Tapi, entah sejak kapan. Naruto lebih memilih menghindari cahaya matahari. Naruto merasa aman saat bersembunyi dalam bayangan kegelapan. Naruto menelan bulat-bulat hasil observasi Tsunade bahwa ia memiliki trauma masa kecil dengan cahaya matahari, meski otaknya tak mampu mengingat apapun yang berkaitan dengan traumanya.
Ia bergantung pada kegelapan selama belasan tahun, dan bertemu dengan Sasuke karena gaya hidup kelelawarnya. Semua baik-baik saja, karena Sasuke; personifikasi malam dan kegelapan, menerima keadaannya. Hingga,
Naruto melirik tempat tidur ditengah ruangan. Lebih spesifik kepada satu penghuninya.
Sasuke mungkin lelah.
Ragu-ragu, Naruto meraih tirai kain tebal berwarna kecoklatan didepannya. Menyingkapnya sedikit sehingga cahaya mentari pukul sembilan merasuki kamar mereka.
Jemarinya bergetar ketika dengan perlahan ia menyodorkan tangannya pada cahaya.
Tak terjadi apapun. Naruto mengerutkan alisnya. Tak terjadi apapun. Apa yang membuatnya takut akan matahari?
Naruto membiarkan jemarinya tersentuh sinar. Ia memperhatikan jari-jarinya yang berwarna T—
Naruto menarik tangannya dari cahaya dan kembali menutup tirainya dengan gerakan cepat.
"Naruto?" Sasuke mengerutkan kening dengan mata tertutup. Ia baru bangun dari tidurnya.
Hening. Belasan detik berlalu.
"Kita kencan malam ini." Ujar Sasuke pada akhirnya. Pemuda itu menarik kembali selimutnya.
Maksud hati ingin melanjutkan tidur dengan kehangatan penuh dari selimut, yang didapat Sasuke adalah beban berat di daerah perutnya.
Sasuke membuka matanya dan mendapati Naruto duduk tepat diatas perutnya. Keteguhan, keyakinan dan kepercayaan diri yang biasa terpancarkan irisnya kini terganti dengan kebingungan.
"Dobe?"
Tak ada tanggapan.
"Naruto?" Sasuke menahan posisi Naruto ketika ia mengubah posisinya; duduk dan bersandar.
Ia mengusap pipi dengan tiga garis demi mendapatkan perhatian dari pemuda pirang tersebut.
"Naruto." Ulangnya pelan. Mendapat respon berupa pelukan erat dari Naruto. Sasuke membalas pelukan yang didapatnya.
Sesuatu terjadi. Sasuke paham akan hal tersebut.
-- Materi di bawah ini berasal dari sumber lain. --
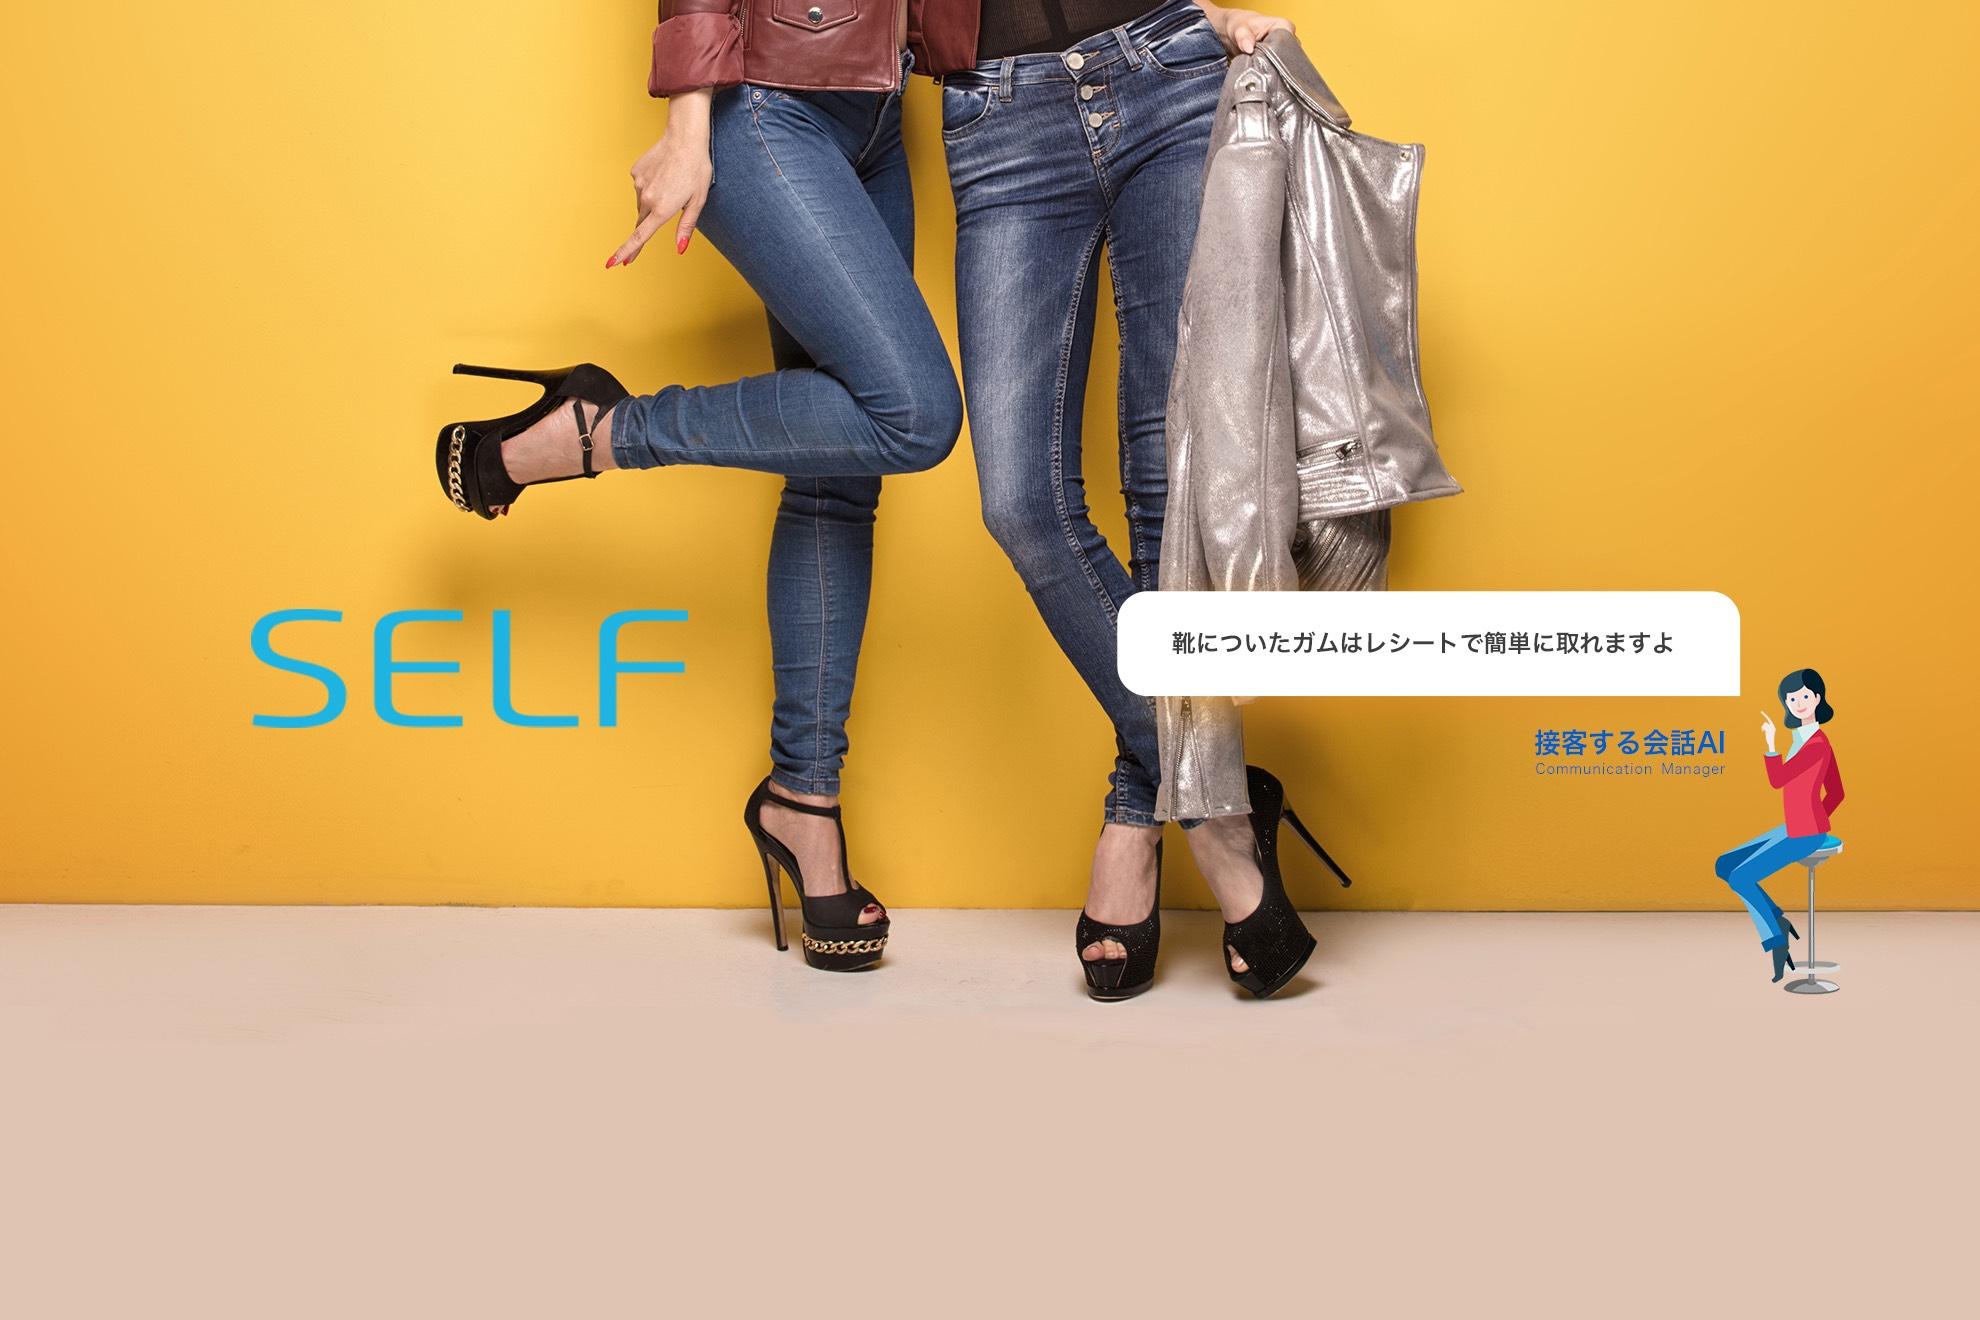 SELF株式会社
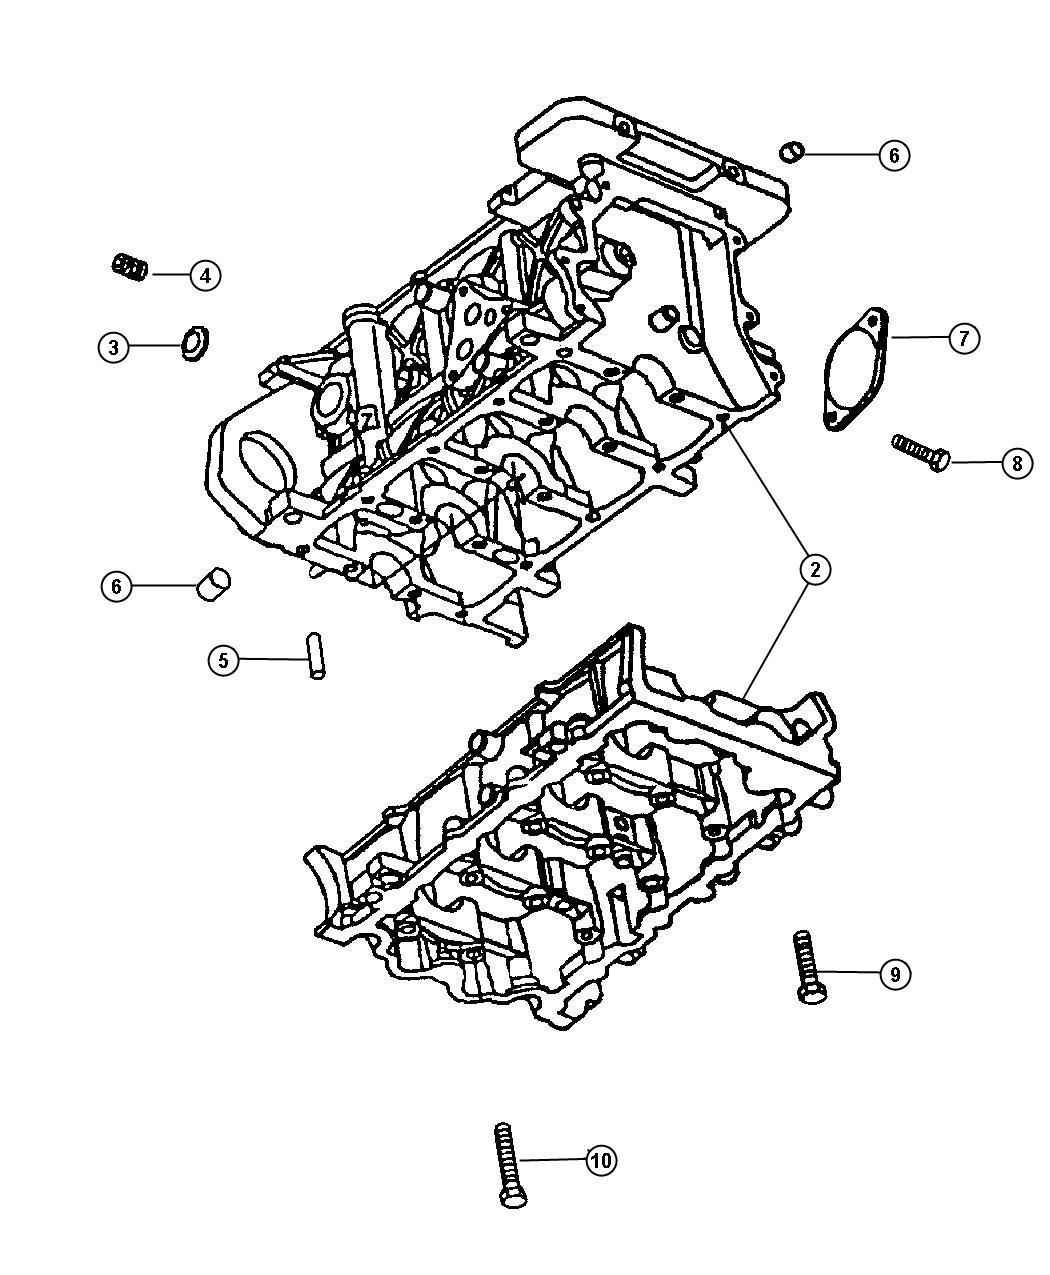 1997 Dodge Intrepid Bolt. Hex head. M10x1.50x75. C/member

Sialnya, permainan truth or dare yang mereka lakukan mungkin memiliki andil yang besar.
Astaga Sasuke. Sejak kapan kau mendengarkan pendapat orang lain dengan mengorbankan Naruto?
"Naruto, kita kencan malam ini." Sasuke mencium pipi Naruto dengan lembut.
Persetan dengan dare yang dipilih Naruto. Persetan dengan headlines tak berbobot yang dibuat media. Persetan dengan status sialan yang seenaknya disematkan padanya.
Untuknya, Naruto dengan senyuman cerah yang biasanya lebih menghangatkan dibandingkan berdiri dibawah paparan matahari yang sesungguhnya.
-TBC-
Ah, demi semangat dari kesayanganku, aku ngebut merealisasikan ide yang sempat mampet-mampet.